Ia tidak perlu menangis sendirian. Aku akan menemaninya. Tidak bisa kuhindari, perasaan aneh itu kembali muncul. Dan kilasan itu.. kilasan yang aneh... Dalam ruangan penuh lilin... aku berpelukan dengan seorang pria...



─Kim Nam Gil, Seoul, 2008─

“Di depanmu, ada-ada saja keanehanku... Mana ada pria jantan menangis di depan seorang gadis!” omelku sambil memandang Lee Yo Won. Gadis itu tertawa, membuat tampangnya terlihat lucu.

“Jangan tertawa dengan mata bengkak, wajahmu membuatku geli tahu!” protesku.

“Wajahmu juga sama konyolnya!!” tawanya. Aku menyambut tawanya dan memanggil seorang penjaja es krim yang kebetulan lewat. ”Aku beli chocolate juga untukmu. Tidak masalah?”

”Tentu saja tidak! Aku memang suka rasa chocolate!” ia menerima es krim dariku dengan gembira dan menjilatinya dengan nikmat. Tiba-tiba ia tertawa sendirian.

”Sedang kumat, nona?” tanyaku. Oh, kenapa aku bisa lupa? Aku kan sudah berjanji untuk menjauh darinya. Sekarang kami bahkan terlihat seperti pasangan paling aneh di dunia. Dua orang dengan mata bengkak sedang asyik menikmati es krim.

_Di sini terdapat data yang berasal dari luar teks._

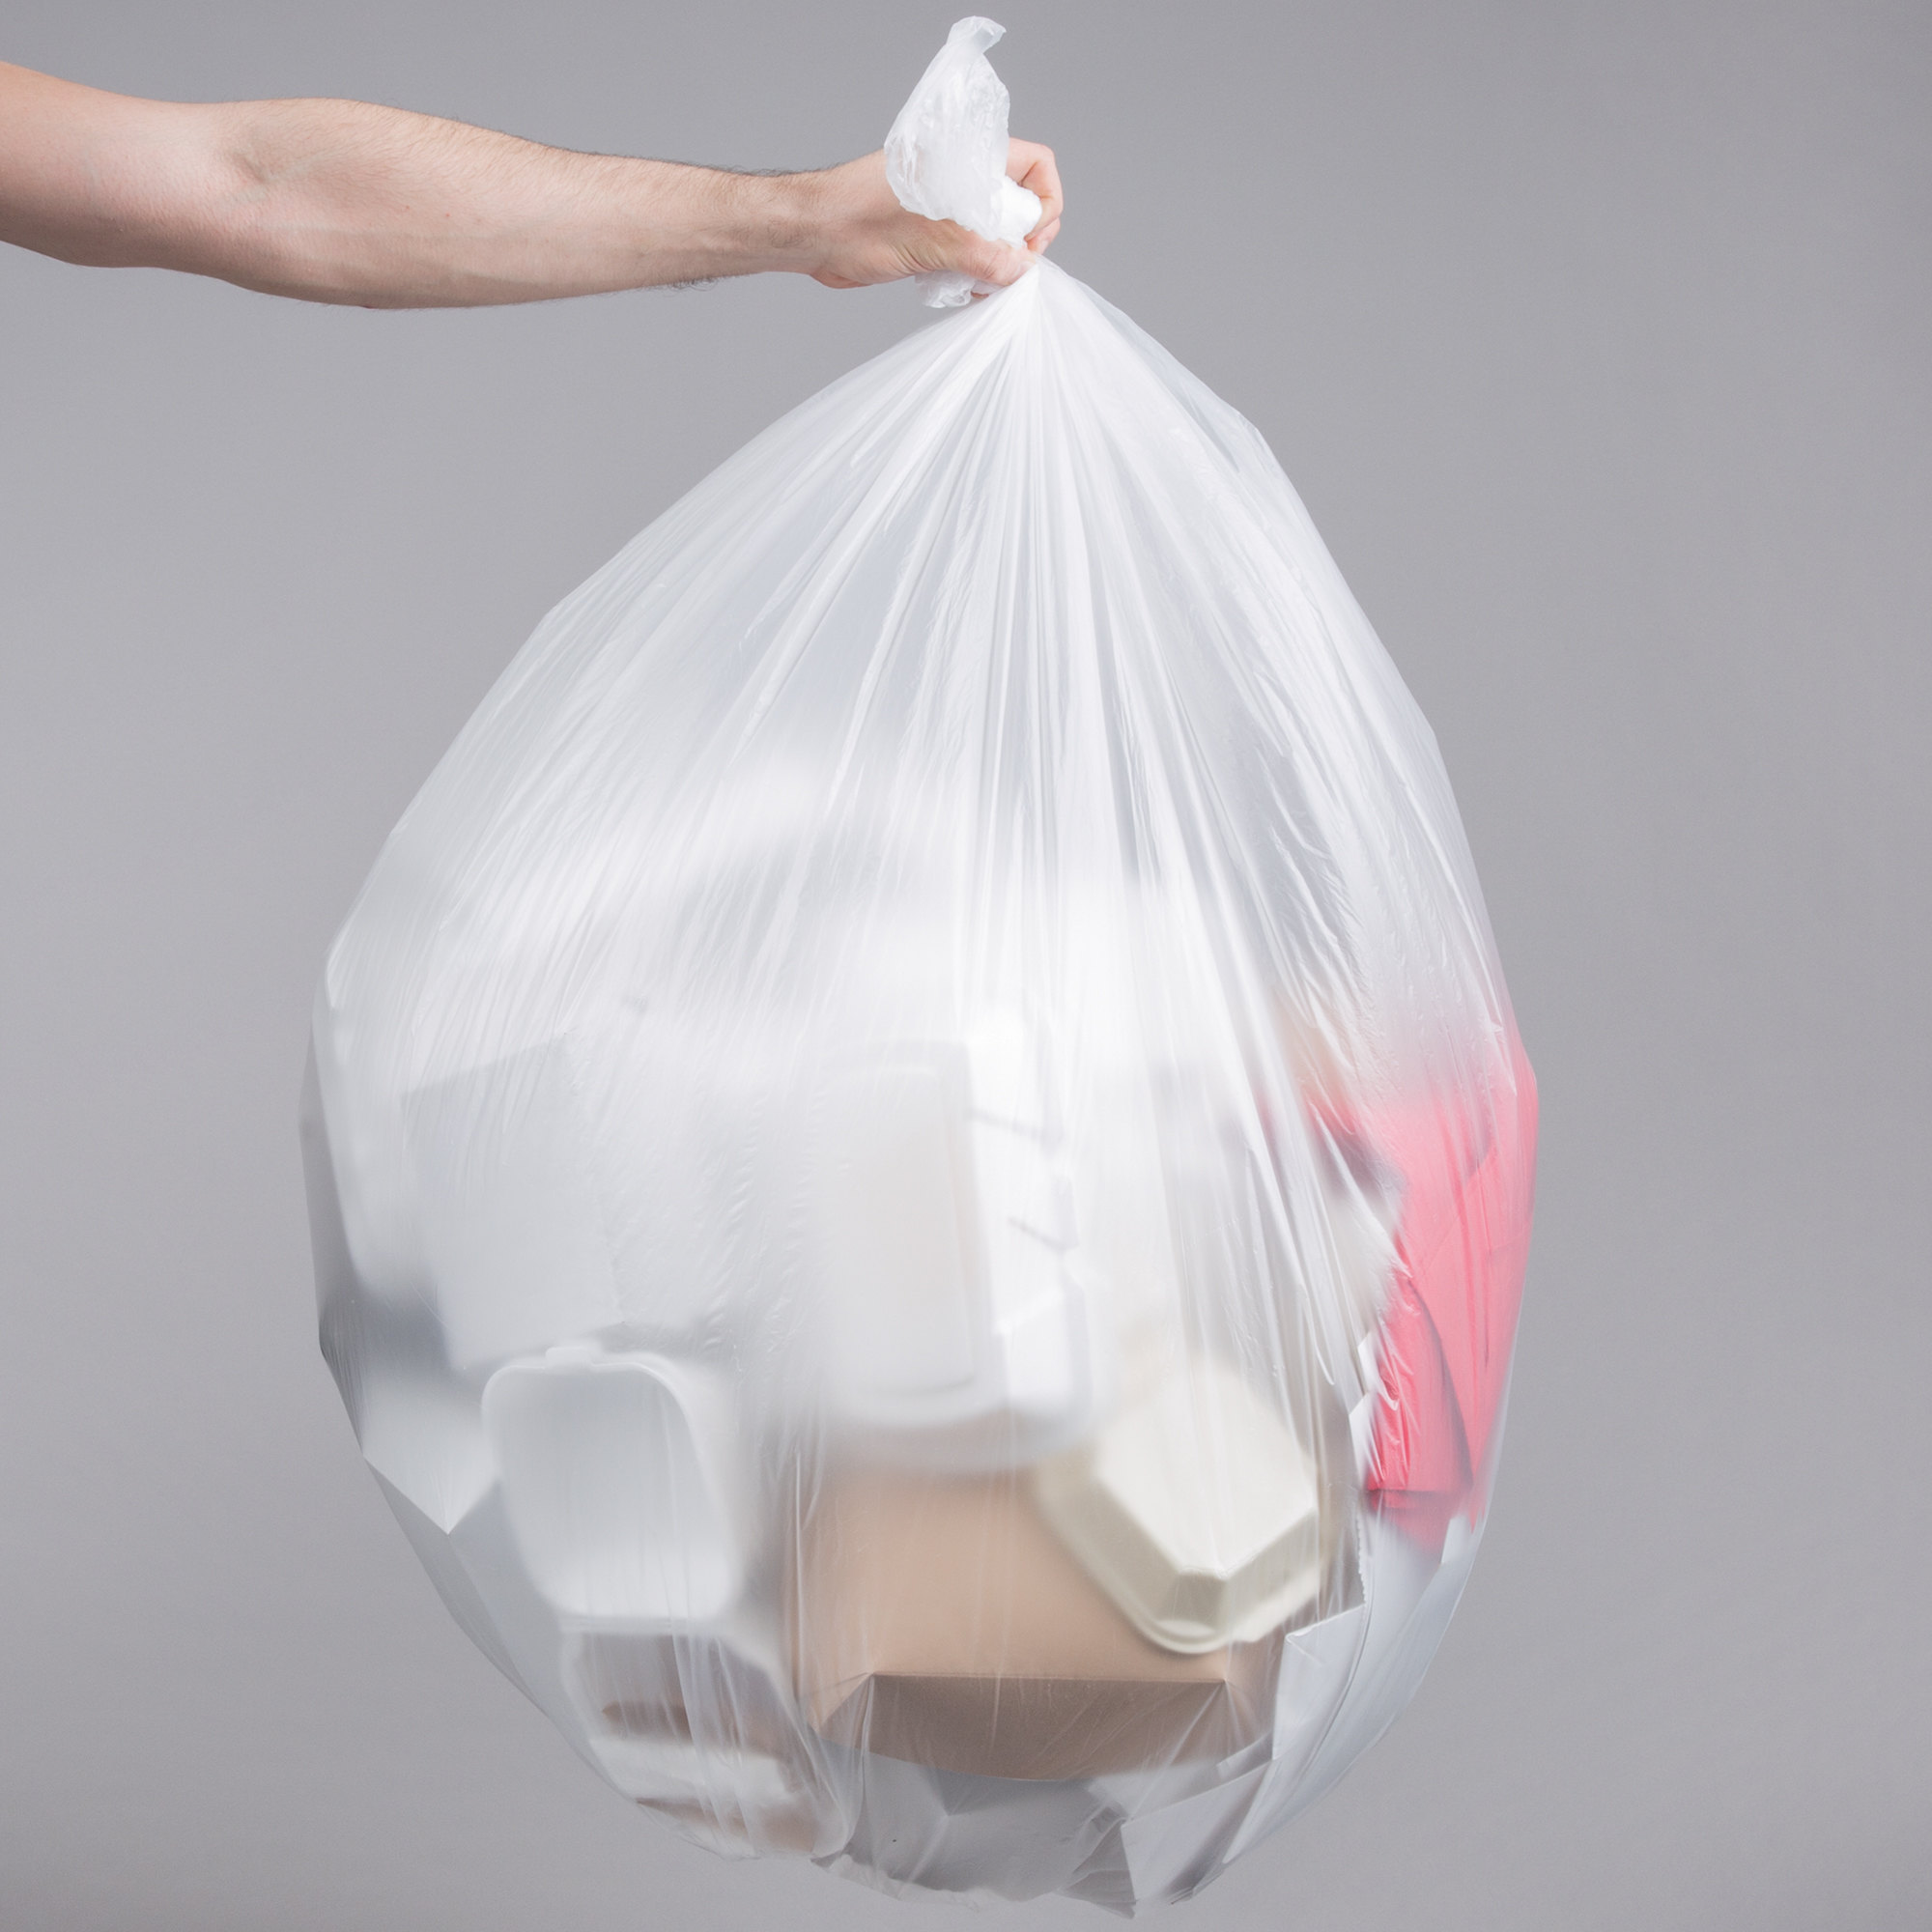 Buy Wholesale China Refuse Sacks Large Size 80l Black Plastic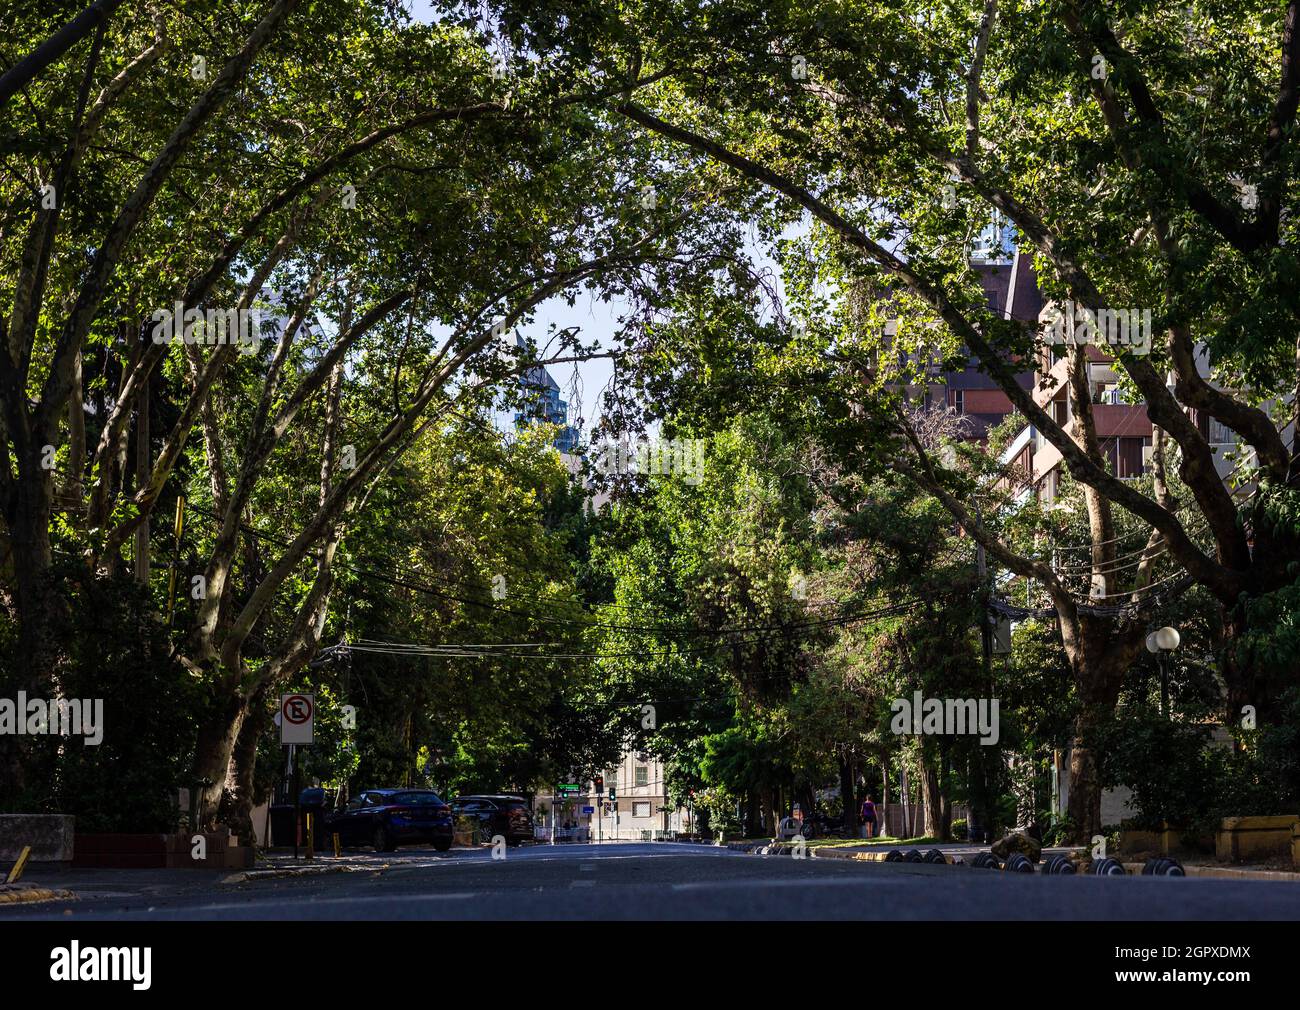 Route vide couverte d'arbres feuillus dans la zone urbaine de Santiago, Chili. Pas de circulation en ville pendant le concept de pandémie Banque D'Images

”Tidak, hanya geli saja. Kalau ada yang lewat, pasti mereka berpikir kita ini pasangan tolol yang matanya bengkak dan asyik makan eskrim.”

Tanpa sadar kugigit eskrim terlalu banyak dari perkiraan. Glek. Mengerikan. Bisa-bisanya pikiran kami sama seperti ini. Beberapa kali aku terbatuk. Kepalaku jadi sakit karena es krim itu!! Sialan, berapa kalipun menahan batuk, batuk ini masih saja tidak berhenti.

”Kenapa?” wajahnya terlihat cemas. Beberapa kali tangannya membantuku menepuk punggungku. ”Kau tersedak?”

”Tidak apa-apa, thanks...” ujarku sambil menghela nafas panjang.

Tinggal beberapa hari lagi... dan aku akan pergi dari tempat ini. Entah sementara, atau mungkin selamanya? Perdagangan senjata... rasanya resiko itu terlalu berat untukku.

Aku sudah memutuskan untuk menolaknya semalam, kalau saja tidak tersentuh melihat kesungguhan hati Baek Do Bin yang mengatakan kalau ia akan berhenti dari dunia kotor ini begitu perdagangan senjata ini selesai. Kontrak terakhir yang seluruh keuntungannya akan ia berikan pada anak buahnya sebagai akhir dari kelompok mereka. Sebuah pembubaran.

”Melamunkan apa?” tanya Yo Won sambil memandangku. Aku suka sekali melihat matanya yang begitu bening, sekalipun saat ini matanya sedang bengkak, sih...

”Hmm... hanya menduga saja...” ujarku asal. ”Kematian itu... benar-benar mengejutkan... Saat meninggal, kau akan tahu nilai seseorang berdasarkan berapa banyak yang peduli dan datang untuknya...”

”Benar, aku setuju... Lalu?”

”Aku hanya berpikir... berapa banyak yang akan datang kalau aku.... meninggal?” Begitu kuselesaikan kalimatku, buru-buru aku meralat. ”Sudahlah! Anggap saja aku bicara ngawur!”

”Memang ngawur!” seru gadis itu kesal. ”Mana boleh kau berpikir seperti itu! kau kan masih muda! Jalanmu masih jauh ke depan!!” ia mulai mengomeliku.

”Baik, baiklah.. kau seperti ibu-ibu saja...” gurauku. Tetapi, raut wajahnya masih tetap terlihat keruh.

”Oke, aku minta maaf, anggap aku tidak mengatakan demikian...” ujarku sambil mengangkat tanganku dan berdiri. ”Ayo, kita masuk ke dalam. Nanti kalau saudara kembarmu mencarimu bagaimana...”

”Kim Nam Gil...” ia menatapku dalam-dalam saat berdiri di depanku. Matanya begitu dalam menusukku sampai aku tidak bisa memalingkan wajah. ”Kau... tidak menyembunyikan apapun dariku, bukan?” tanyanya lagi.

Aku menatapnya tanpa mampu berkata apapun. Haruskah aku mengelak? Atau mengatakan yang sebenarnya?